The Supreme Court on Monday said states may play a limited role in enforcing laws on illegal immigration, upholding part of Arizona’s controversial law but striking other portions it said intruded on the federal government’s powers.
The justices let stand for now the part of the law that requires police to check the immigration status of anyone they detain or arrest if they have “reasonable suspicion” that the person is in the country illegally. Arizona Gov. Jan Brewer (R) declared that decision, on the part of the law that had generated the most controversy, a victory.
But the ruling also in part vindicated the Obama administration, with the court rejecting three provisions that the federal government opposed.
The court ruled that Arizona cannot make it a misdemeanor for immigrants to fail to carry identification that says whether they are in the United States legally; cannot make it a crime for undocumented immigrants to apply for a job; and cannot arrest someone based solely on the suspicion that the person is in this country illegally.
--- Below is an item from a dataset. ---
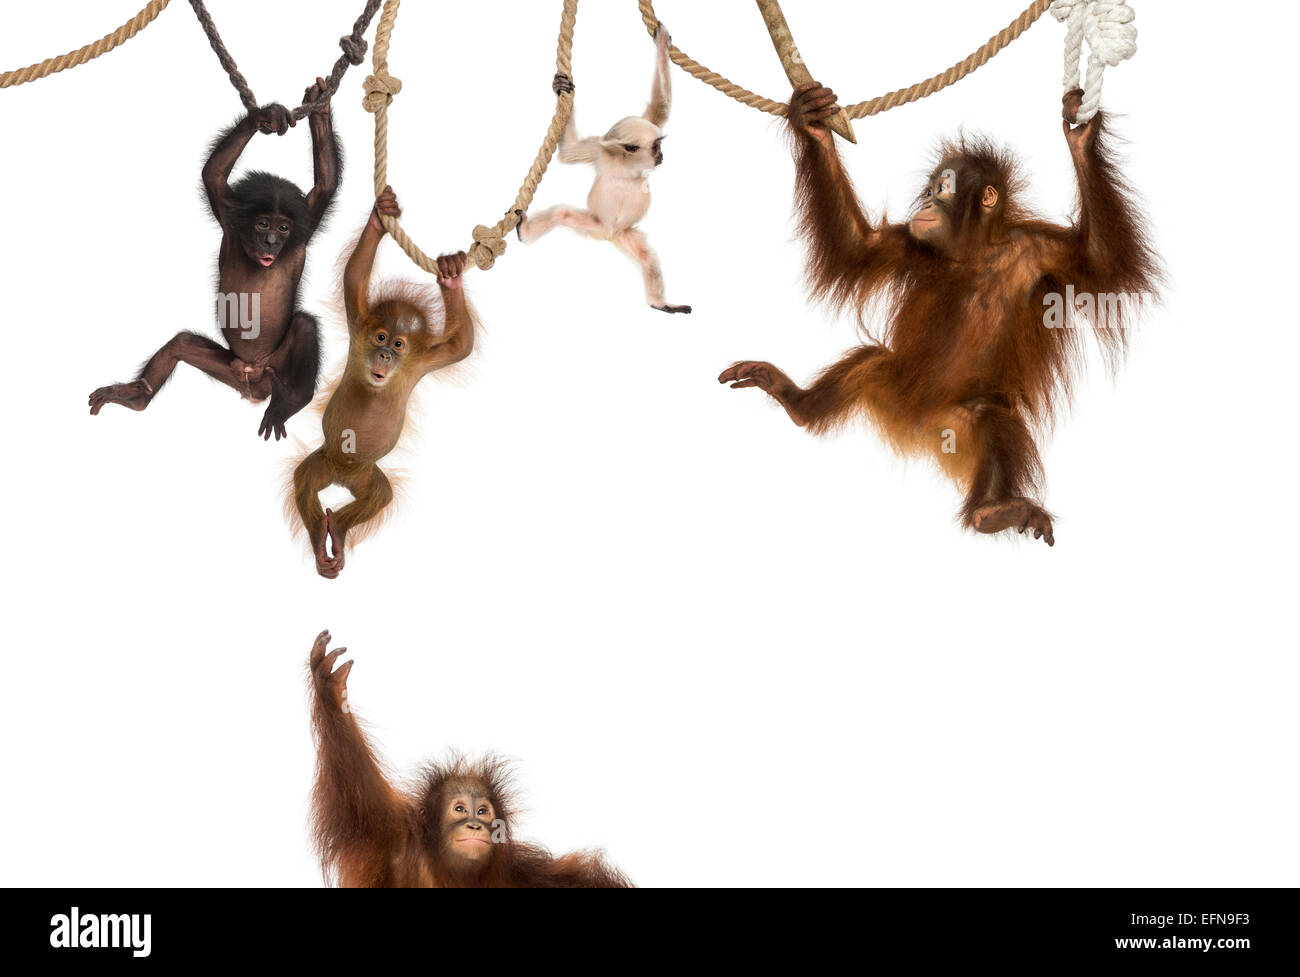 Young Orangutan, Young Pileated Gibbon and Young Bonobo hanging on ropes against white background Stock Photo

Bishop Kirk Smith of the Episcopal Diocese of Arizona sent the following statement via email:
As one working and praying for a more just immigration policy, I was guardedly pleased with the Supreme Court ruling on the controversial SB 1070 law. Although much work still needs to be done to insure that law abiding immigrants in our country are treated in a just and humane manner, I view the Supreme Court’s decision to strike down much of SB1070 as unconstitutional as a step in the right direction, although I wish that it had gone further. For example, the “show me your papers” provision of the law, which the court left standing, still has enormous potential for racial profiling and other abuses. There is still much work that must be done to assure that all our immigration laws “respect the dignity of every human being.”
At this time I am unaware if further demonstrations or press conferences are planned by church leaders, but I would expect that no one sees the struggle for human rights in Arizona to be over.